Tod
Vor zwei Jahren klingelte mein Telefon.
Dortmund.
Nordstadt.
Ein Mensch sitzt irgendwo an einem Gebäude. Er friert.
Dieser Satz ist klein.
Unscheinbar.
Und trotzdem kann er dir das Herz zerreißen.
Wir machen viel.
Wir gehen weit.
Wir gehen oft über unsere Grenzen hinaus.
Aber es gibt Orte, da reicht Helfen allein nicht.
Da reicht guter Wille nicht.
Da bleibt etwas anderes stehen:
▫️Angst.
▫️Respekt.
▫️Realität.
Und man kann darüber lachen.
Ich nicht.
Es gibt Gegenden, da fährst du nicht einfach alleine hin.
Nicht nachts.
Nicht ungeschützt.
Nicht mit dem naiven Gedanken, dass schon alles gut gehen wird.
Alleine kann gut gehen.
Aber dieses „kann“ ist kein Versprechen.
Und mein Leben ist kein Einsatz, den ich leichtfertig bringe.
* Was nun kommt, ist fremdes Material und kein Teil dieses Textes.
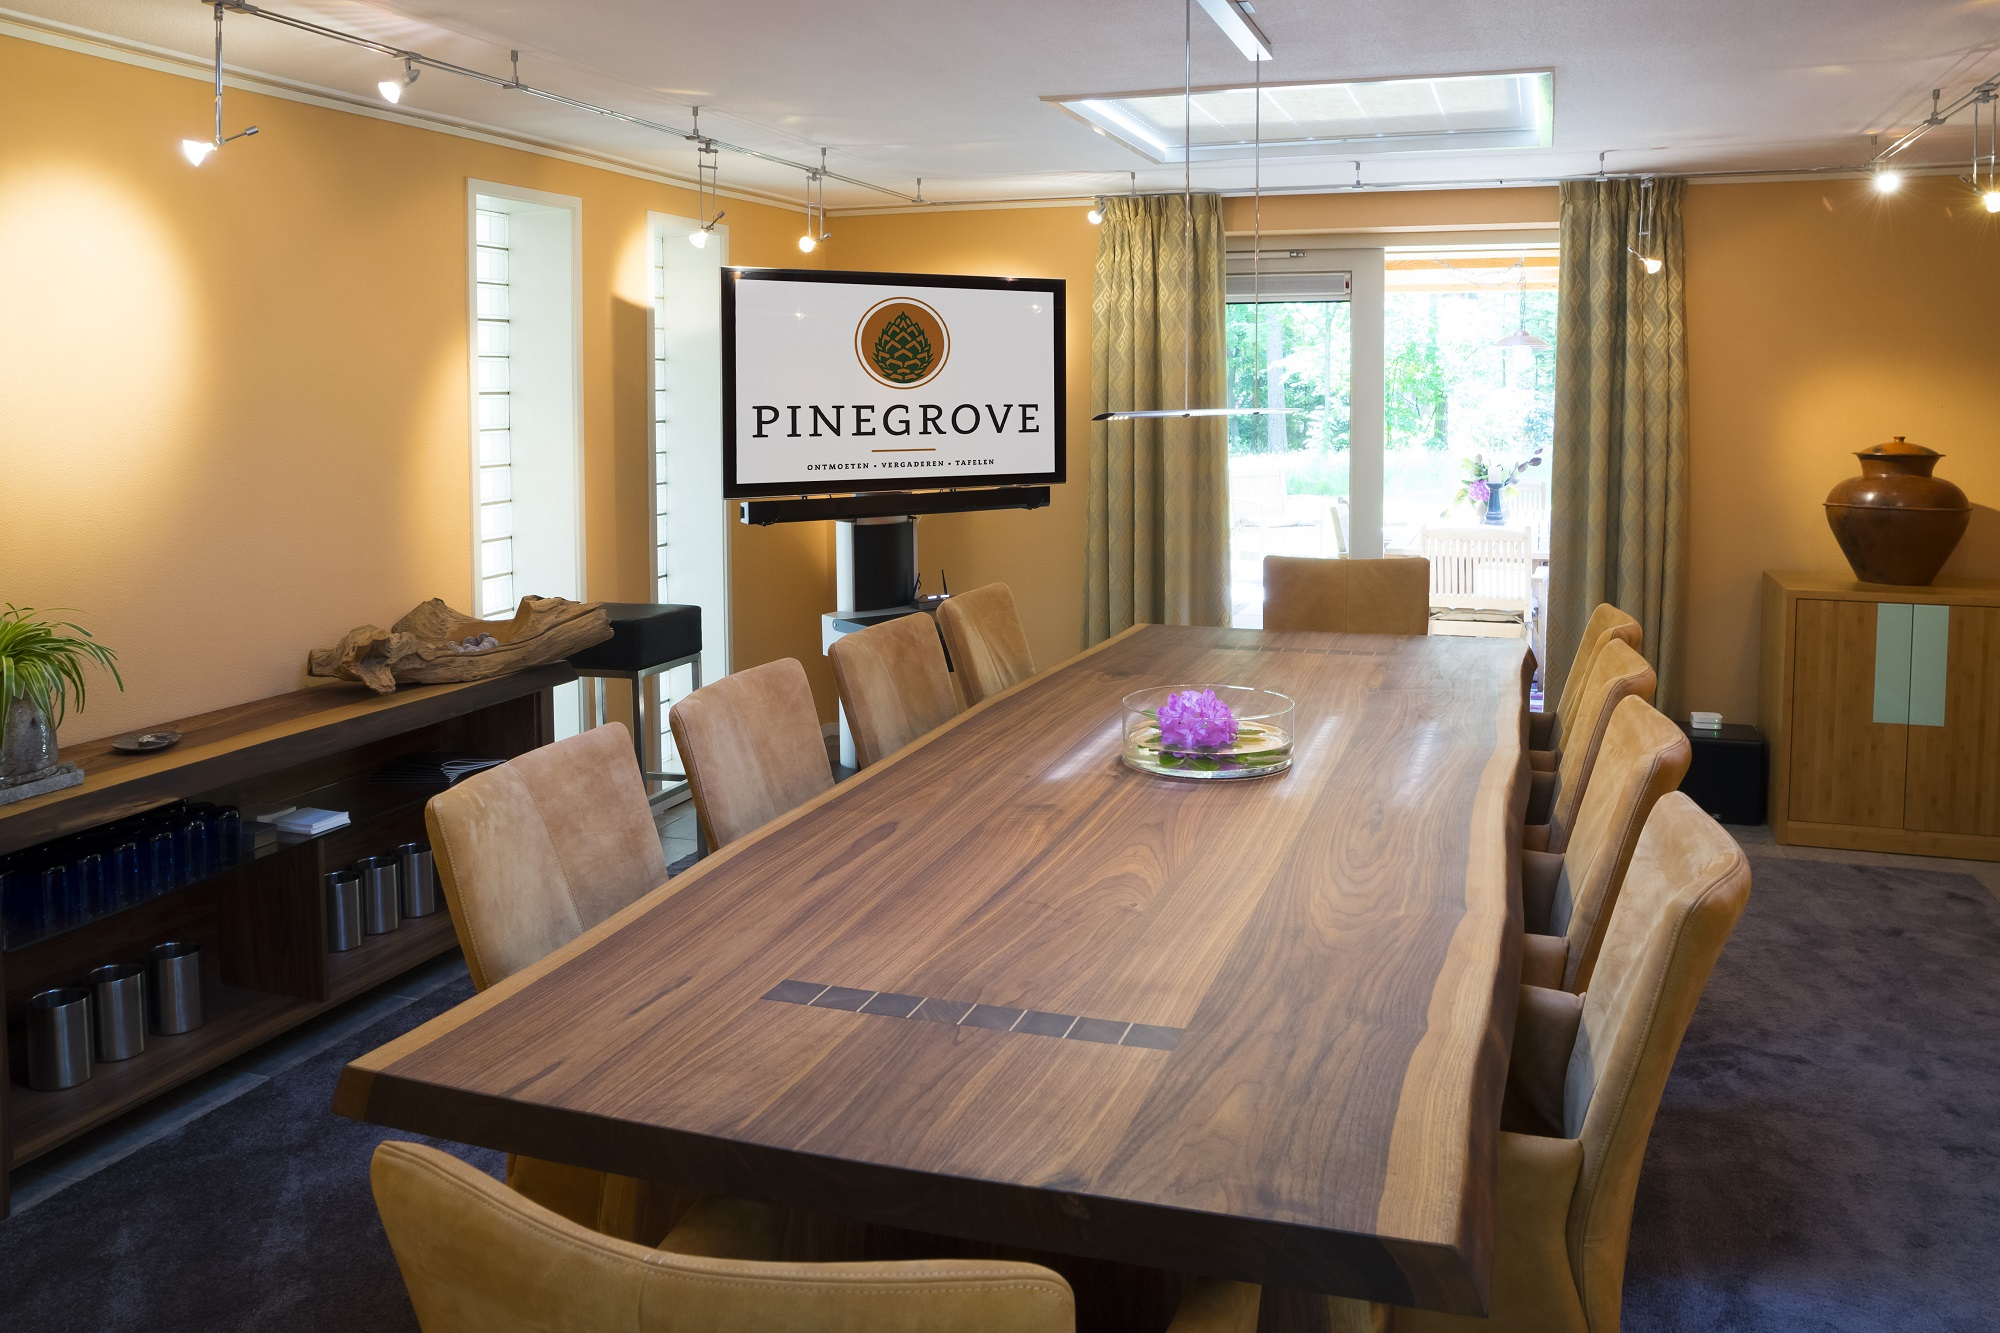 Pinegrove 2

Meine Gesundheit auch nicht.
Ich bin nicht gefahren.
Zwei Tage später kam der nächste Anruf.
Wieder Dortmund.
Wieder eine Person, die friert.
Wieder diese Hoffnung, dass irgendjemand kommt.
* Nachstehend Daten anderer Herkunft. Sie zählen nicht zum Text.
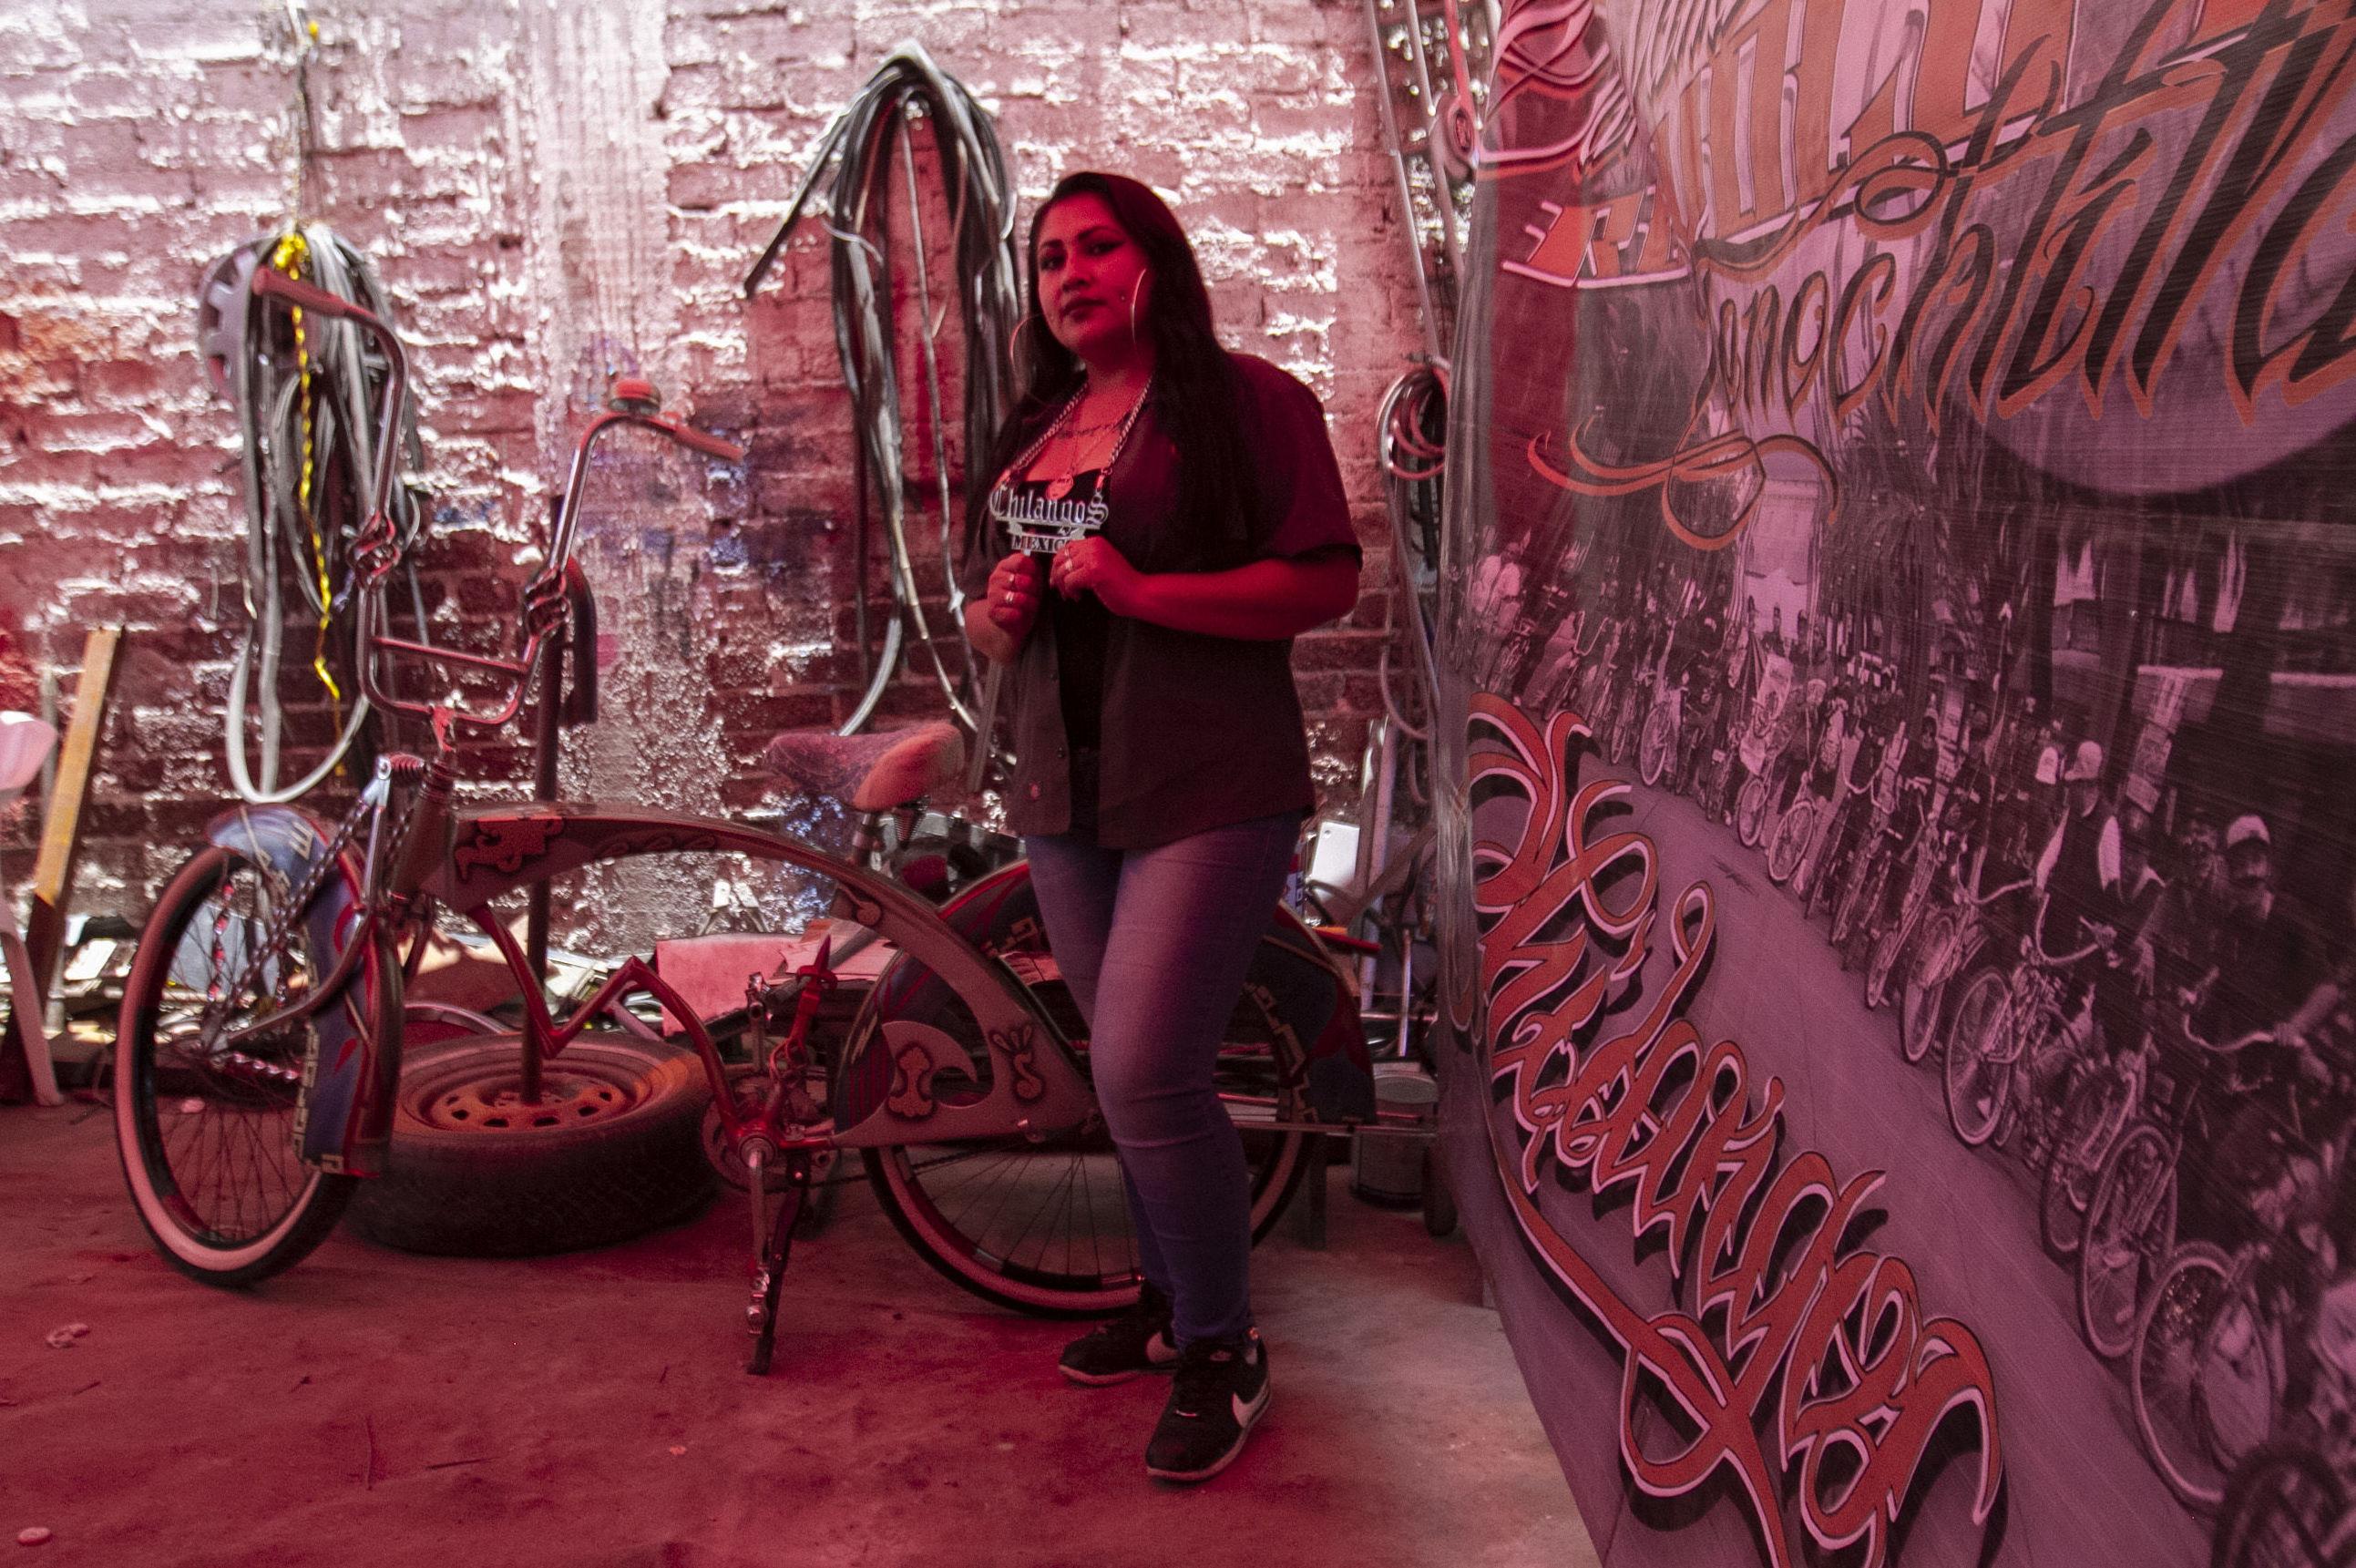 Devanny, administradora del club 'Chiangos Low Bike' posa para foto

Ich habe um drei Uhr Morgens versucht jemanden zu finden, der mich begleitet.
Ich habe telefoniert.
Organisiert.
Kontakte aktiviert.
Ich habe alles versucht, um jemanden zu finden, der nach diesem Menschen schaut.
Ich selbst bin wieder nicht „alleine“ gefahren.
Eine Nacht später war dieser Mensch tot.
Das ist kein Satz.
Das ist ein Schlag.
Mitten in die Fresse hinein.
Das arbeitet in dir.
Es breitet sich aus.
Es legt sich auf deine Brust, auf dein Herz, auf deine Seele.
Es bleibt.
Und es geht nicht wieder weg.
Du denkst nicht: Ich habe mein Bestes gegeben.
Du denkst: Hättest du es verhindern können?
Auch wenn dein Kopf weiß, dass du nicht überall sein kannst.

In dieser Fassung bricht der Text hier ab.